To balance these concerns, Doordash employs a hybrid approach combining LLM-based batch processing with methods that generalize well to unseen queries, including embedding retrieval, traditional statistical models (like BM25), and rule-based systems. This hybrid architecture leverages the deep contextual understanding of LLMs while maintaining real-time adaptability for novel queries.

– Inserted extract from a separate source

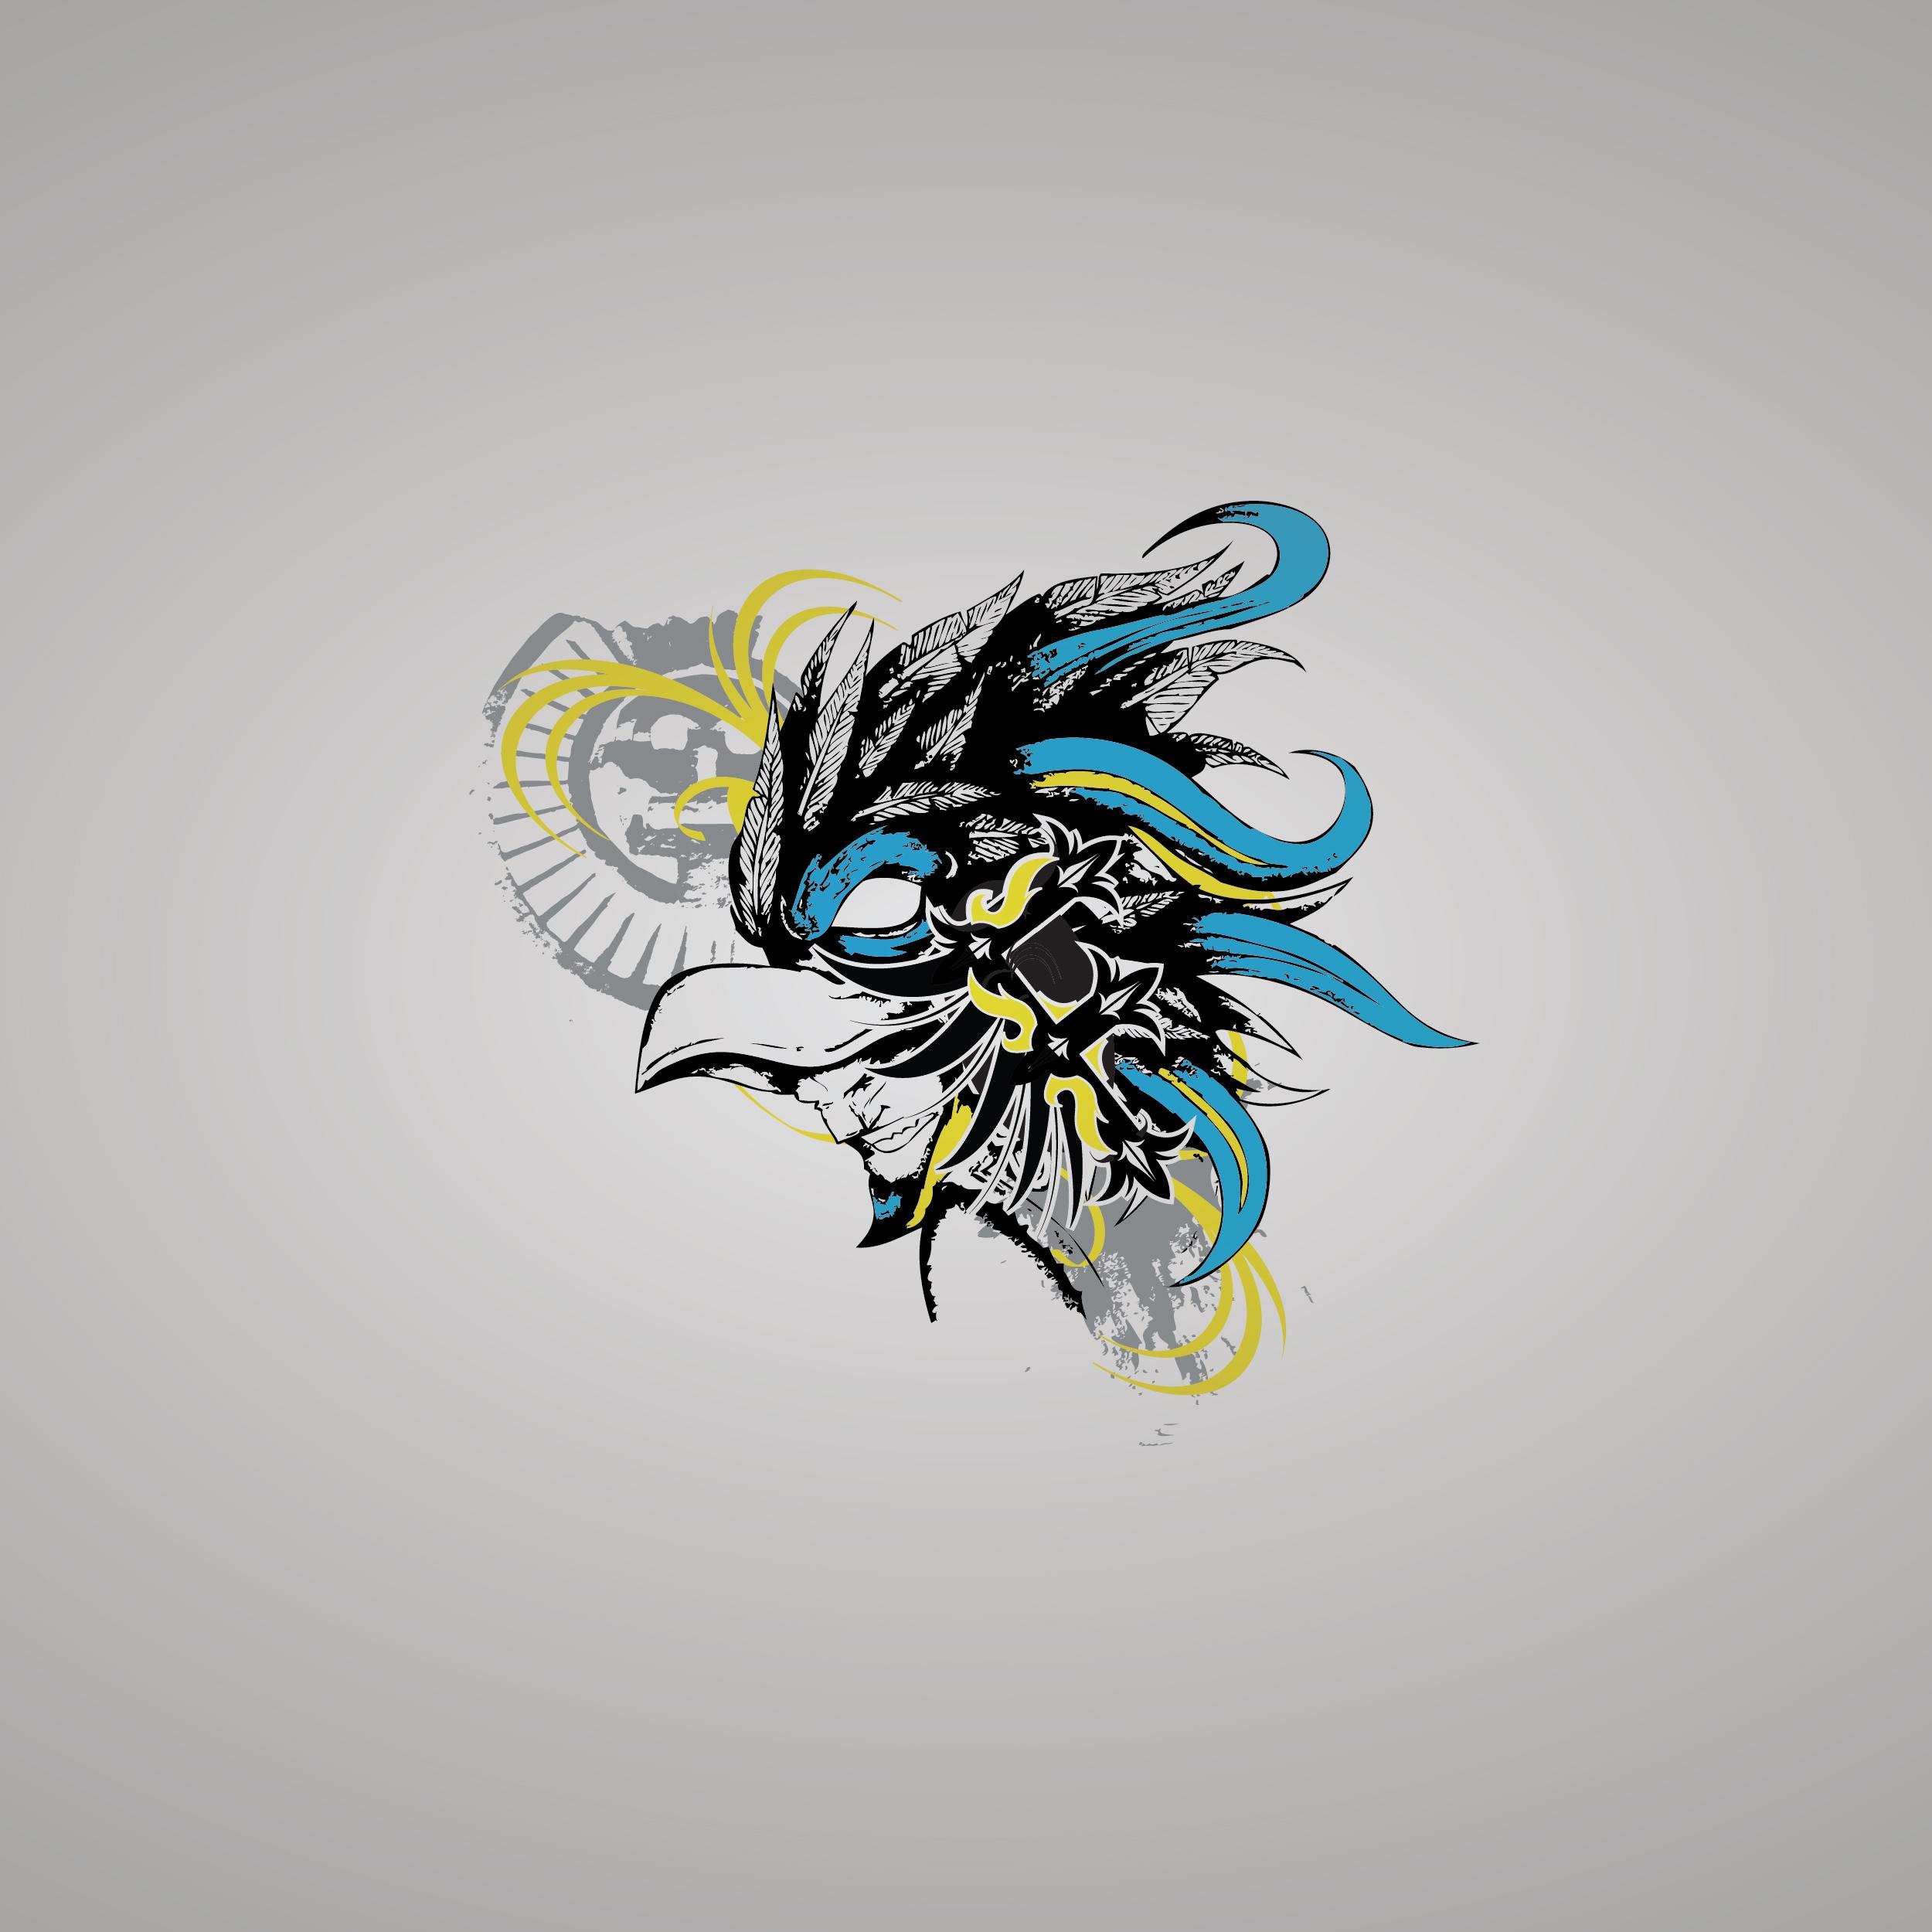 aztec-01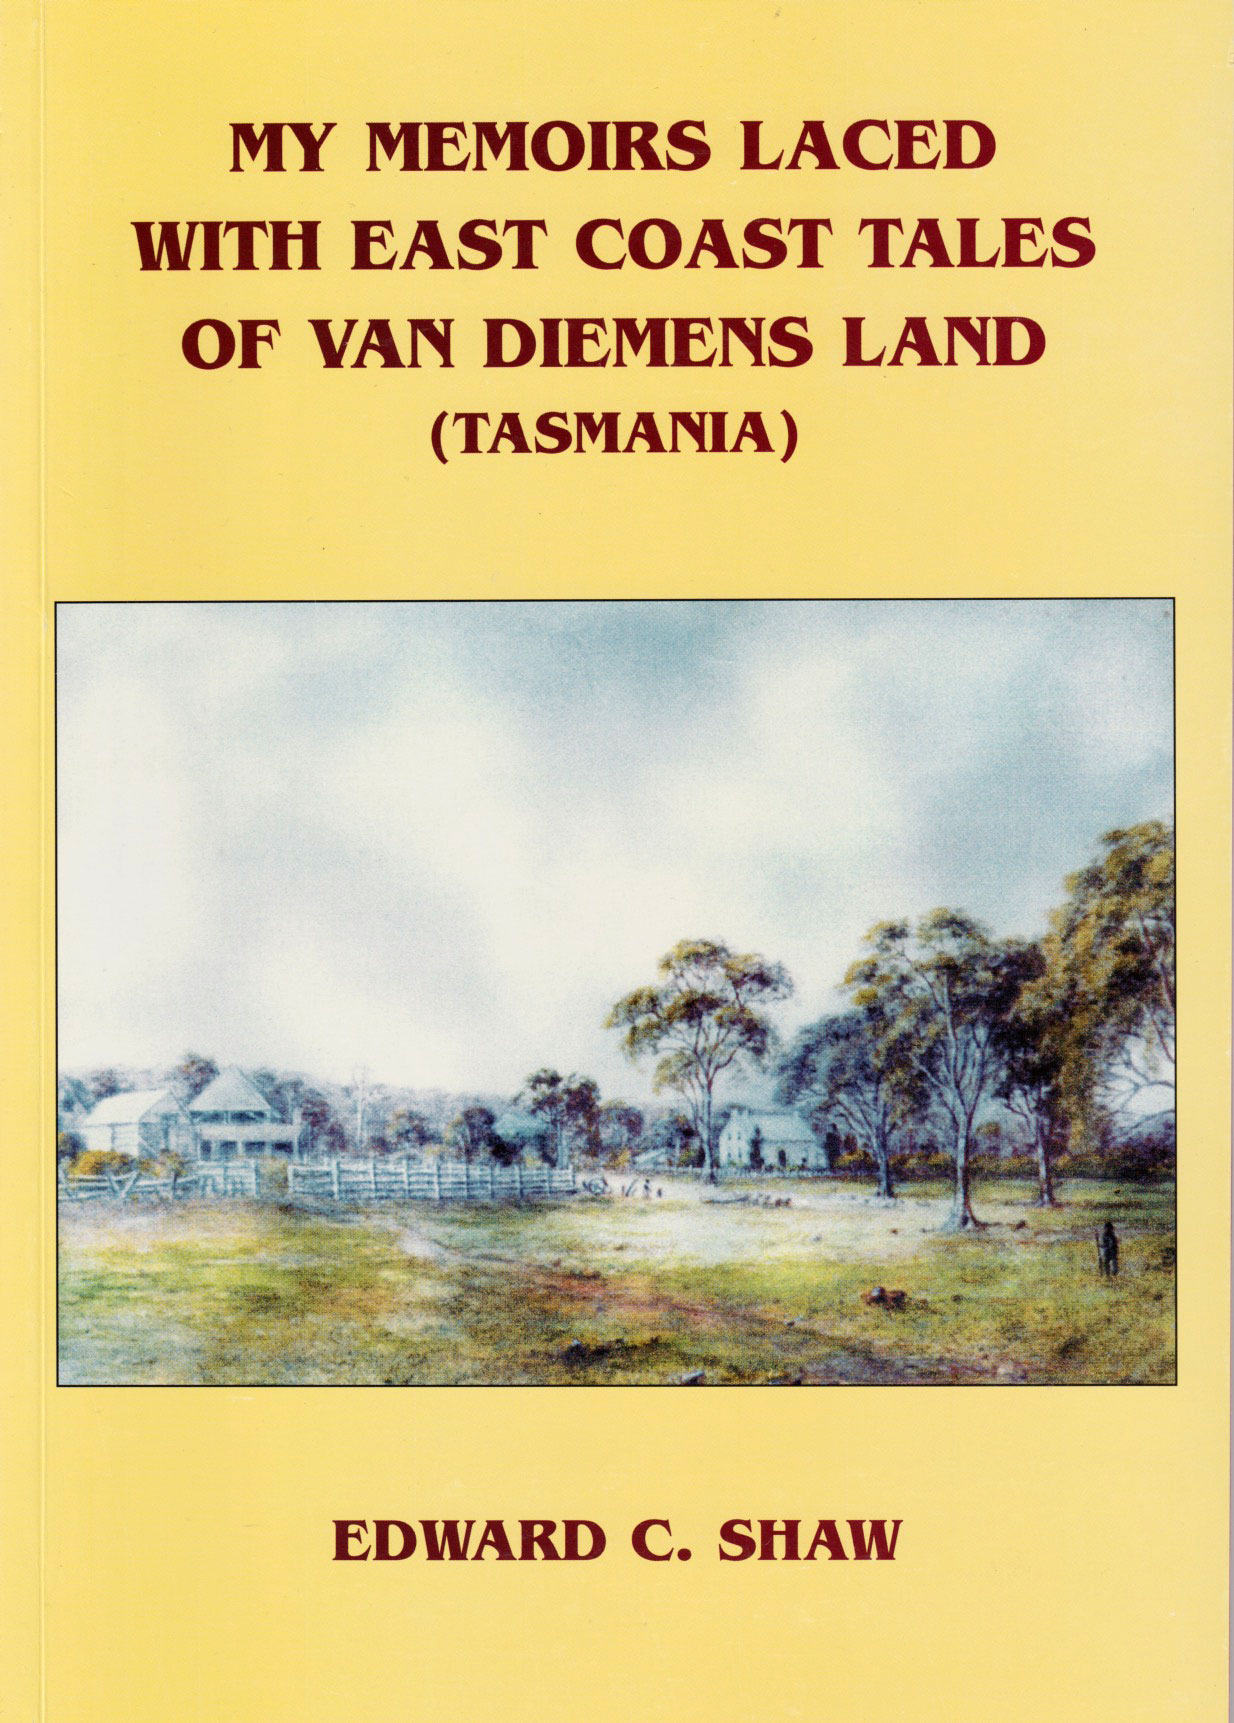 My Memoirs Laced with East Coast Tales of Van Diemen's Land (Tasmania)

## Integration with Search Pipeline and Rankers
The effectiveness of the query understanding system depends on integration with downstream components, particularly the rankers that order retrieved documents by relevance. The new query understanding signals needed to be made available to the rankers, which then had to adapt to both the new signals and changed patterns of consumer engagement that the retrieval improvements introduced.
The structured query understanding enables specific retrieval logic—for example, making dietary restrictions a MUST condition (strict enforcement) while allowing flexibility on less strict attributes like flavors as SHOULD conditions. This granular control over retrieval logic would not be possible with purely embedding-based approaches.
## Results and Metrics
The implementation demonstrated significant improvements across multiple metrics:
- **Carousel Trigger Rate**: Nearly 30% increase in the trigger rate of popular dish carousels, meaning the system can retrieve significantly more relevant items to display.
- **Whole Page Relevance (WPR)**: More than 2% increase in WPR for dish-intent queries, indicating users see more relevant dishes overall.
- **Conversion**: Rise in same-day conversions, confirming that reduced friction helps consumers make ordering decisions.
- **Ranker Improvements**: With more diverse engagement data from improved retrieval, retraining the ranker led to an additional 1.6% WPR improvement.
## Future Directions
The validated LLM integration opens several future possibilities: query rewriting and search path recommendations, surfacing popular items for new users, improving retrieval recall and precision through more granular attributes, and deeper consumer behavior understanding for personalization (e.g., inferring that a consumer prefers spicy dishes and Latin American cuisines).
## Assessment and Considerations
This case study represents a well-architected integration of LLMs into a production search system. The approach is notable for several reasons: it leverages existing infrastructure (knowledge graphs) to constrain LLM outputs, it acknowledges and addresses the hallucination problem systematically, it considers production trade-offs between accuracy and scalability, and it validates results with both offline evaluation and online A/B testing.
The hybrid approach—combining LLM batch processing with real-time generalization methods—reflects a pragmatic production mindset. The system doesn't rely solely on LLMs but uses them where they add the most value (complex query understanding) while maintaining traditional methods for scalability and real-time processing.
One limitation worth noting is that the article focuses primarily on batch inference for query understanding rather than real-time LLM inference, which would introduce additional latency and cost considerations. The long-term maintenance burden of keeping the knowledge graph and query understanding in sync is also a consideration for production systems at this scale.